[Activity] Exactly the lines from the one containing "ROSI Handmade Gray" through the final line of the data are to be written out again, with nothing added.

[Input data]

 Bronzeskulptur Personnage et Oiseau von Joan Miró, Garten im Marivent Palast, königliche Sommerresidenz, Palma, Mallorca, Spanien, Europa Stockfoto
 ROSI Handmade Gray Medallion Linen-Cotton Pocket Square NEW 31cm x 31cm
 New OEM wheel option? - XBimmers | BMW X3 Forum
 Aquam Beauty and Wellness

[Output]
 ROSI Handmade Gray Medallion Linen-Cotton Pocket Square NEW 31cm x 31cm
 New OEM wheel option? - XBimmers | BMW X3 Forum
 Aquam Beauty and Wellness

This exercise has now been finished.